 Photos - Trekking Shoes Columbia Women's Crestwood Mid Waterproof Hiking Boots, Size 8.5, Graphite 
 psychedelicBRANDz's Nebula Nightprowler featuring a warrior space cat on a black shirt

* * *

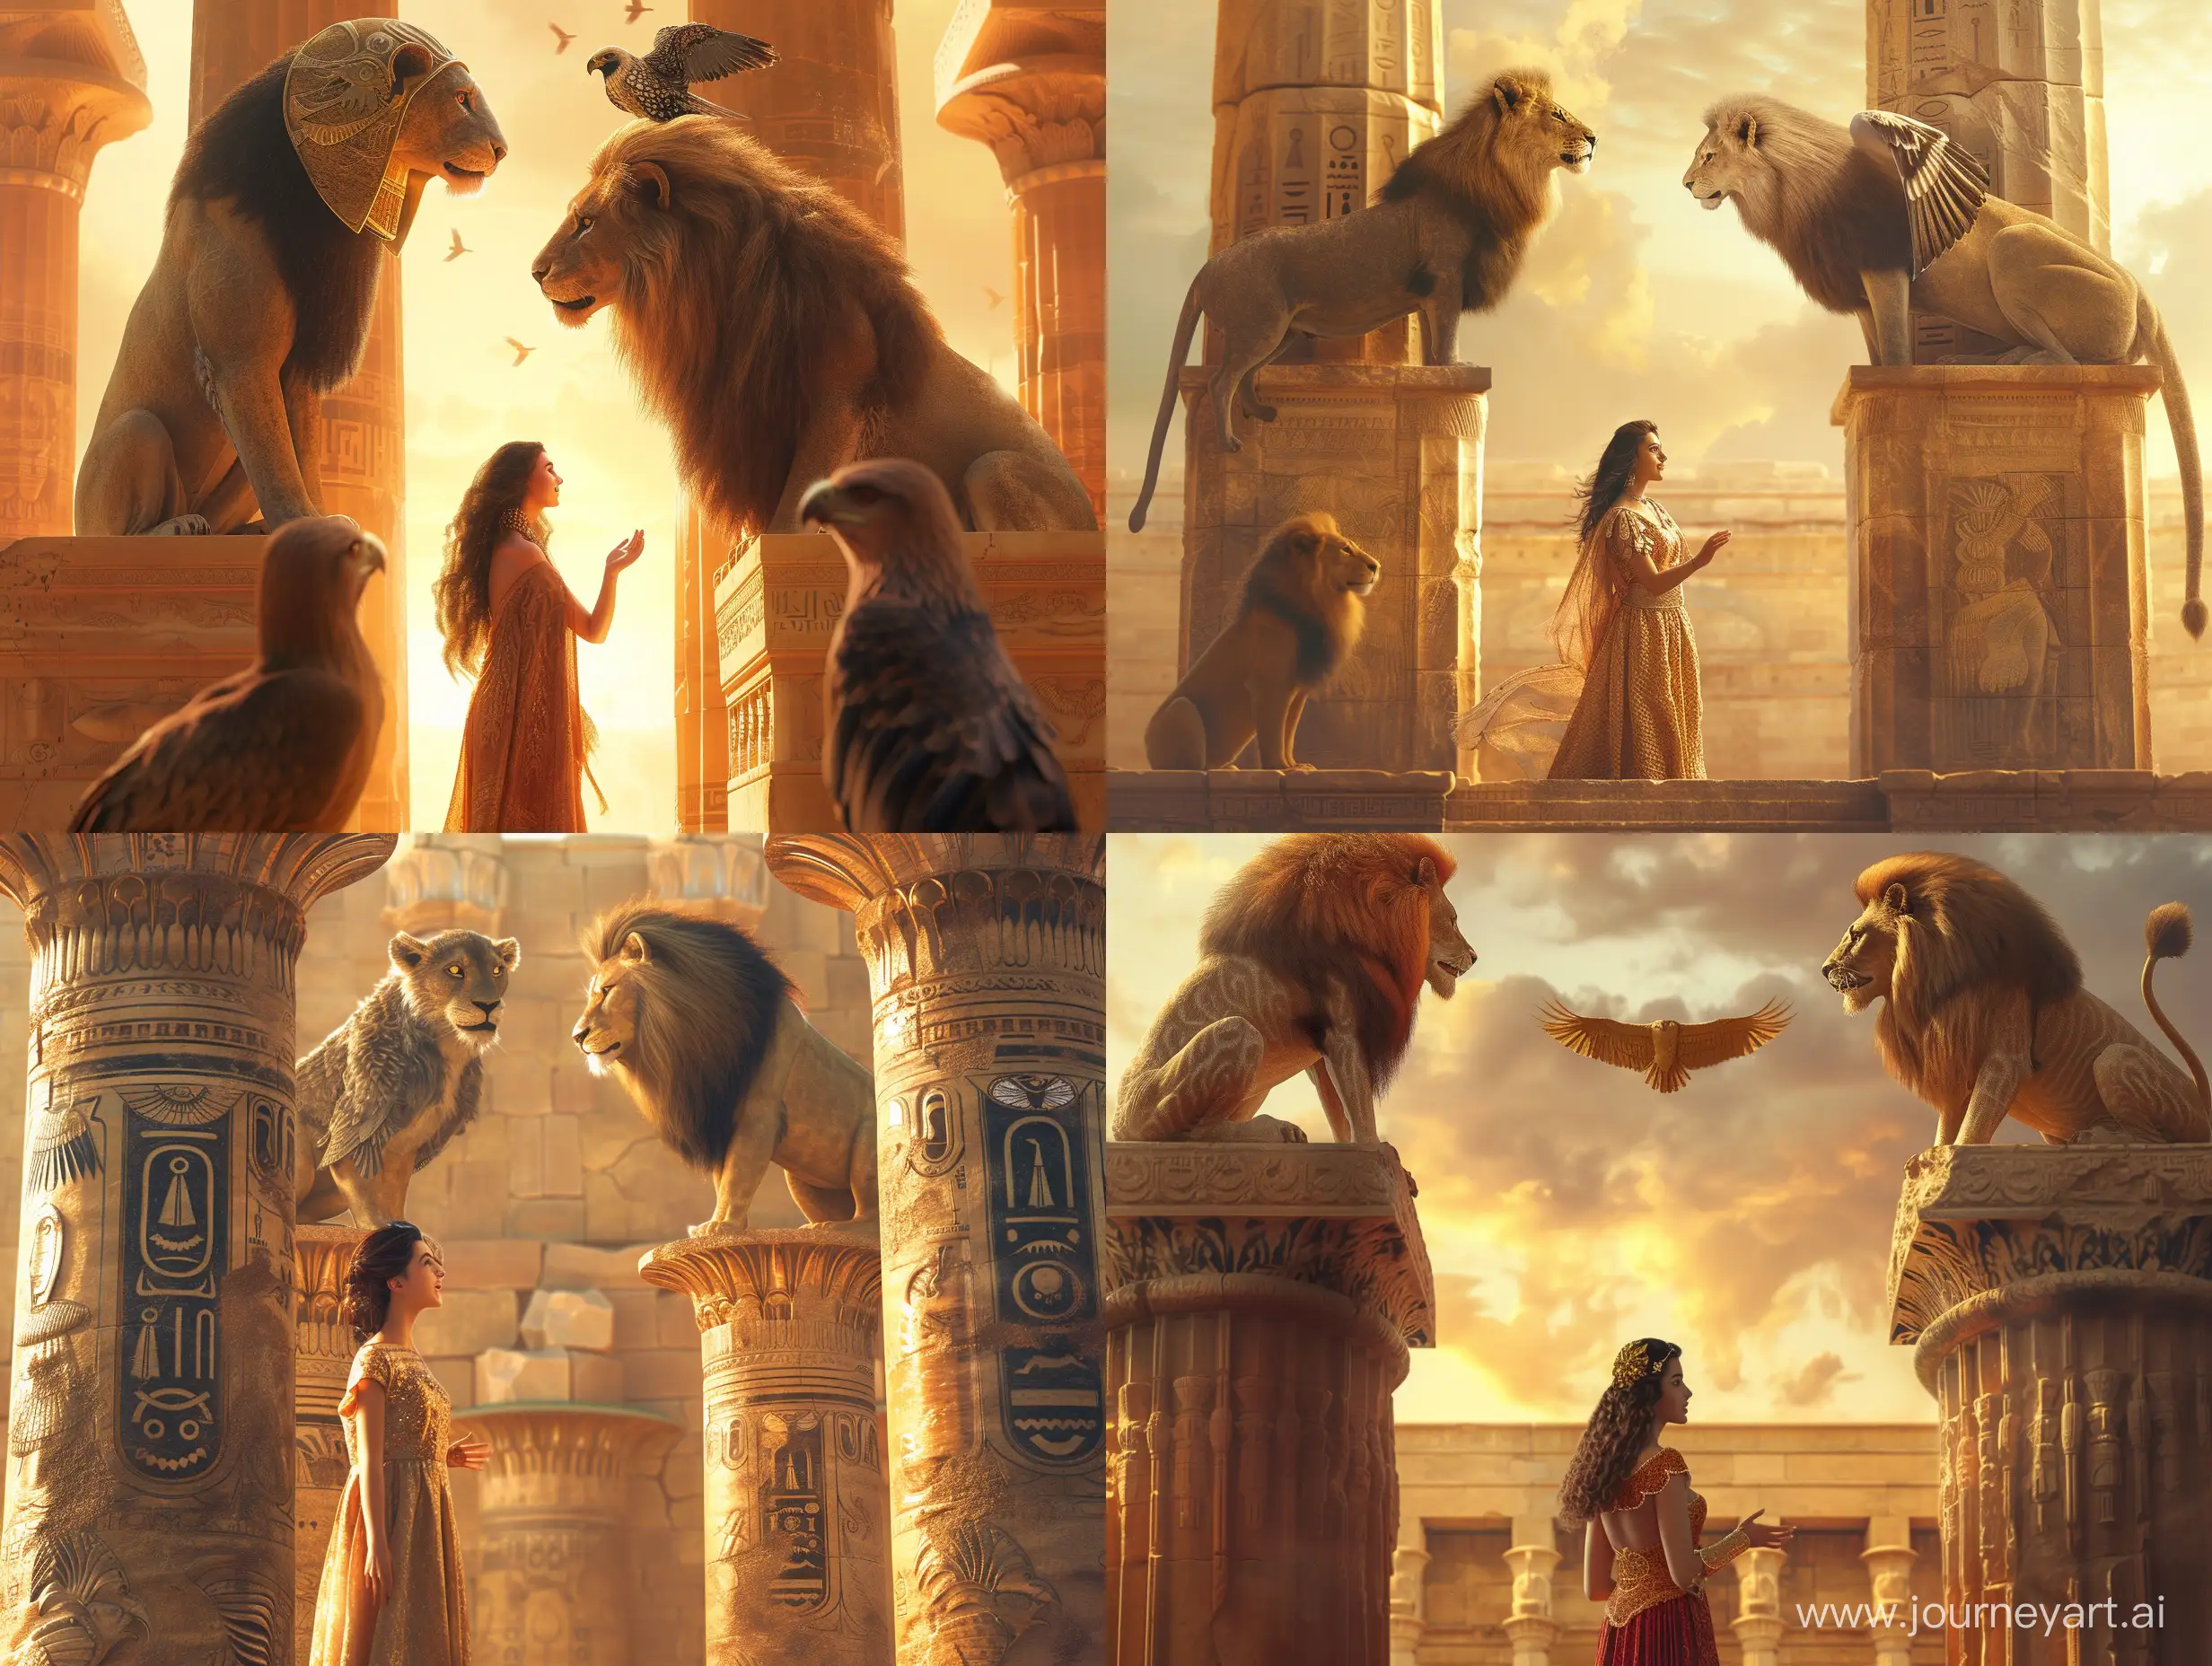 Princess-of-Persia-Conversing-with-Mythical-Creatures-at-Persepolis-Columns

- _Task objective_: Copy the lines above exactly, beginning at the line that has "Photos - Trekking" and stopping after the line that has "psychedelicBRANDz's Nebula Nightprowler", and omit the rest.

- _Solution_:
 Photos - Trekking Shoes Columbia Women's Crestwood Mid Waterproof Hiking Boots, Size 8.5, Graphite 
 psychedelicBRANDz's Nebula Nightprowler featuring a warrior space cat on a black shirt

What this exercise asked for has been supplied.